**DATA IN THIS EXERCISE:**

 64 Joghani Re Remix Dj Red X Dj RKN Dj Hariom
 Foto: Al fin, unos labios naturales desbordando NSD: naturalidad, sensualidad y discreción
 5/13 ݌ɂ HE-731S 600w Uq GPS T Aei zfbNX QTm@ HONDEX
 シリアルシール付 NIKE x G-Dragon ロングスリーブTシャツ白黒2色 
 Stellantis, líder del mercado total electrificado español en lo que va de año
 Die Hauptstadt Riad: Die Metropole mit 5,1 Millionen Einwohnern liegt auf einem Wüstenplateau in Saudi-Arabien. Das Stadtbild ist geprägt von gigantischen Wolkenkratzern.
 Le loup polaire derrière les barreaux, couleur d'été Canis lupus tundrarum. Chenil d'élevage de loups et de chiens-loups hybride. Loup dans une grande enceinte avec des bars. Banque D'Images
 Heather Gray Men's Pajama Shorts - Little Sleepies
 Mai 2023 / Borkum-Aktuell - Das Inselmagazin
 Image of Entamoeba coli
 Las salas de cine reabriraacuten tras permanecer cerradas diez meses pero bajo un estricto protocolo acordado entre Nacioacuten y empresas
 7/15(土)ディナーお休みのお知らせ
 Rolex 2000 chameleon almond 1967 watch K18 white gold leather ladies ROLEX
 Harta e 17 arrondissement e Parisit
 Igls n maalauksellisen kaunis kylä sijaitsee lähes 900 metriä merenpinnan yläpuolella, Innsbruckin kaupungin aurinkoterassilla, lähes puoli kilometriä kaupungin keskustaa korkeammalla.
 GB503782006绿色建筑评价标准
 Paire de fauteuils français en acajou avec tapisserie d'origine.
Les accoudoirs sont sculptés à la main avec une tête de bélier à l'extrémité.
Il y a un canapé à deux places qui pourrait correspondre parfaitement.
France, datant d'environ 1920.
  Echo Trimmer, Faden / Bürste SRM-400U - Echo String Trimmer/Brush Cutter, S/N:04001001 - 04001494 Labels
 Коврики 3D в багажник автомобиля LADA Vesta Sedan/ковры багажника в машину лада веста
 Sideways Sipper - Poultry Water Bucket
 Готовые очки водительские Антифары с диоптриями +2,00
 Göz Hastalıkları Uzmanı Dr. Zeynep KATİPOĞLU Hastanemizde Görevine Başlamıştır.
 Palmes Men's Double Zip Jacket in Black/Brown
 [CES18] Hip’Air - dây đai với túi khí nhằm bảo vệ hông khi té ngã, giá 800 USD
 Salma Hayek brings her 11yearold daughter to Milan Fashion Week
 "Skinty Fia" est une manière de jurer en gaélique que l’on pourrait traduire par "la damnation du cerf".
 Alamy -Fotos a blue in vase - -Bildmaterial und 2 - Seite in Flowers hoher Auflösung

**ASSIGNMENT:** Reproduce all of the entries word for word. Omit nothing.

**WRITTEN SOLUTION:**
 64 Joghani Re Remix Dj Red X Dj RKN Dj Hariom
 Foto: Al fin, unos labios naturales desbordando NSD: naturalidad, sensualidad y discreción
 5/13 ݌ɂ HE-731S 600w Uq GPS T Aei zfbNX QTm@ HONDEX
 シリアルシール付 NIKE x G-Dragon ロングスリーブTシャツ白黒2色 
 Stellantis, líder del mercado total electrificado español en lo que va de año
 Die Hauptstadt Riad: Die Metropole mit 5,1 Millionen Einwohnern liegt auf einem Wüstenplateau in Saudi-Arabien. Das Stadtbild ist geprägt von gigantischen Wolkenkratzern.
 Le loup polaire derrière les barreaux, couleur d'été Canis lupus tundrarum. Chenil d'élevage de loups et de chiens-loups hybride. Loup dans une grande enceinte avec des bars. Banque D'Images
 Heather Gray Men's Pajama Shorts - Little Sleepies
 Mai 2023 / Borkum-Aktuell - Das Inselmagazin
 Image of Entamoeba coli
 Las salas de cine reabriraacuten tras permanecer cerradas diez meses pero bajo un estricto protocolo acordado entre Nacioacuten y empresas
 7/15(土)ディナーお休みのお知らせ
 Rolex 2000 chameleon almond 1967 watch K18 white gold leather ladies ROLEX
 Harta e 17 arrondissement e Parisit
 Igls n maalauksellisen kaunis kylä sijaitsee lähes 900 metriä merenpinnan yläpuolella, Innsbruckin kaupungin aurinkoterassilla, lähes puoli kilometriä kaupungin keskustaa korkeammalla.
 GB503782006绿色建筑评价标准
 Paire de fauteuils français en acajou avec tapisserie d'origine.
Les accoudoirs sont sculptés à la main avec une tête de bélier à l'extrémité.
Il y a un canapé à deux places qui pourrait correspondre parfaitement.
France, datant d'environ 1920.
  Echo Trimmer, Faden / Bürste SRM-400U - Echo String Trimmer/Brush Cutter, S/N:04001001 - 04001494 Labels
 Коврики 3D в багажник автомобиля LADA Vesta Sedan/ковры багажника в машину лада веста
 Sideways Sipper - Poultry Water Bucket
 Готовые очки водительские Антифары с диоптриями +2,00
 Göz Hastalıkları Uzmanı Dr. Zeynep KATİPOĞLU Hastanemizde Görevine Başlamıştır.
 Palmes Men's Double Zip Jacket in Black/Brown
 [CES18] Hip’Air - dây đai với túi khí nhằm bảo vệ hông khi té ngã, giá 800 USD
 Salma Hayek brings her 11yearold daughter to Milan Fashion Week
 "Skinty Fia" est une manière de jurer en gaélique que l’on pourrait traduire par "la damnation du cerf".
 Alamy -Fotos a blue in vase - -Bildmaterial und 2 - Seite in Flowers hoher Auflösung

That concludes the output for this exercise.